Das Medienjahr 2011 - Gebühren ohne Reue

Wer Springer-Chef Mathias Döpfner bei den Medientagen München und beim BDZV-Zeitungskongress 2010 zugehört hat, der weiß, dass er eine weitere offene Frage am liebsten im Jahr 2011 lösen würde. Freilich wird das eine echte Herausforderung: Es geht um nicht weniger als die Befriedung des Verhältnisses der öffentlich-rechtlichen Anstalten zu den privaten Medien.

29. Dezember 2010 um 12:01

Werner Lauff

Wer Springer-Chef Mathias Döpfner bei den Medientagen München und beim BDZV-Zeitungskongress 2010 zugehört hat, der weiß, dass er eine weitere offene Frage am liebsten im Jahr 2011 lösen würde. Freilich wird das eine echte Herausforderung: Es geht um nicht weniger als die Befriedung des Verhältnisses der öffentlich-rechtlichen Anstalten zu den privaten Medien. Döpfner, die anderen Zeitungs- und Zeitschriftenverleger sowie die Geschäftsführer der privaten Sender sind seit Jahren zu Recht der Auffassung, dass ARD und ZDF ihre Grenzen immer weiter ausdehnen. Drei Ereignisse haben im Jahr 2010 die Diskussion darüber geradezu vergiftet: das Online-Gutachten von Hans-Jürgen Papier, der Abschluss der Drei-Stufen-Tests durch die Anstaltsgremien ohne erkennbare wesentliche Beschränkungen und die Ankündigung einer iPhone- und iPad-App der "Tagesschau". Mit allen drei Maßnahmen zerstob ein Fünkchen Hoffnung aus dem Jahr 2009. Die Ministerpräsidenten hatten im 12. Rundfunkänderungsstaatsvertrag auf Drängen der Verlage die Formulierung akzeptiert, ARD und ZDF dürften im Internet keine "nicht sendungsbezogenen presseähnlichen Angebote" verbreiten. Dass sich das als Rohrkrepierer erweisen würde, war von Anfang an zu befürchten.
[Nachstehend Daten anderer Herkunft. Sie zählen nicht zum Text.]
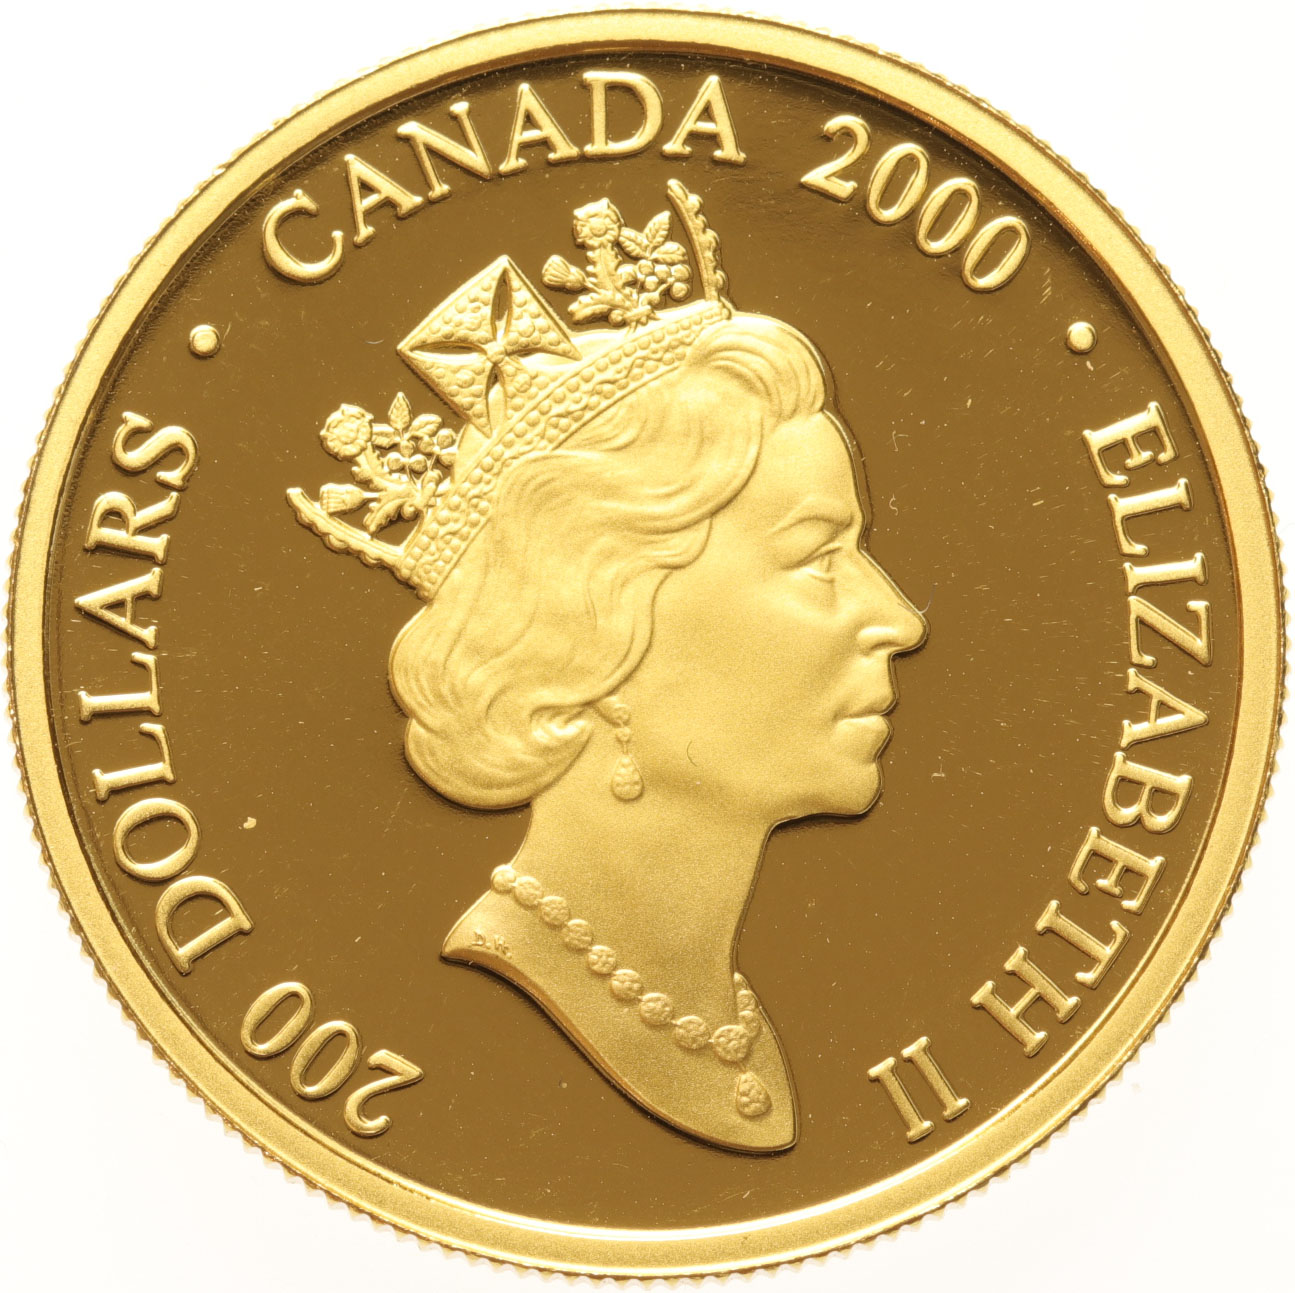 Canada 200 dollars 2000

Schon die Reaktionen der Intendanten waren von verstohlener Freude gekennzeichnet. Nach außen gaben sie zwar zu Protokoll, das sei eine harte Restriktion; intern aber beauftragten sie Hans-Jürgen Papier, den privaten Medien ob der unklaren Formulierung richtig eins auszuwischen. Dass er argumentierte, presseähnliche Angebote seien nur solche, die genau wie Presse - also eine Zeitung oder Zeitschrift - aussähen, hat dabei noch nicht einmal überrascht. Dass er aber das Internet - wie zuvor schon einmal ZDF-Justitiar Carl-Eugen Eberle - zur Fortsetzung des Rundfunks mit anderen Mitteln erklärte, auf das sich der Auftrag der Anstalten quasi naturgemäß erstrecke, wohingegen die Presse dort eigentlich gar nichts zu suchen habe, das ging viele Schritte über das Ziel hinaus. Für diese Haltung von ARD und ZDF ist Hochmut ein zu mildes Wort. Döpfners Signal an ARD und ZDF, alte Grabenkämpfe zu beenden und völlig neu über ein für alle Seiten akzeptables Wettbewerbsverhältnis zu sprechen, ist angesichts dieser Vorgeschichte überraschend unkonventionell und unvoreingenommen. Die Anstalten sollten diesen Vorstoß ernst nehmen. Dies gilt umso mehr, als es im Jahr 2011 darauf ankommt, die zur Haushaltsabgabe mutierende Rundfunkgebühr akzeptabel zu machen. Wer erreichen will, dass Deutschlands Bürger und Unternehmen Quartal für Quartal  Gebühren entrichten, ohne dies jedes Mal von Neuem zu bereuen, muss für eine klare, dauerhaft haltbare Rollendefinition sorgen. Die Anstalten sind dazu auf dem falschen Weg; ihr bad-guy-game ist kontraproduktiv.   Wünsche ohne Widerhall Das unbeirrte Vorgehen von Google bei seinem Stadtplandienst StreetView, die zunehmend unangefochtene Marktstellung von Facebook und die Dominanz von Apple bei den neuen mobilen Geräten haben im Jahr 2010 verdeutlicht, dass sich die Weltordnung verändert. Alle drei Firmennamen sind Zeugnis nahezu müheloser Globalisierung. Keines der Unternehmen lässt sich in einen nationalen gesellschaftlichen oder politischen Kontext einbinden. Und jeder der Namen steht für eine im Medienbereich bislang unbekannte Autarkie.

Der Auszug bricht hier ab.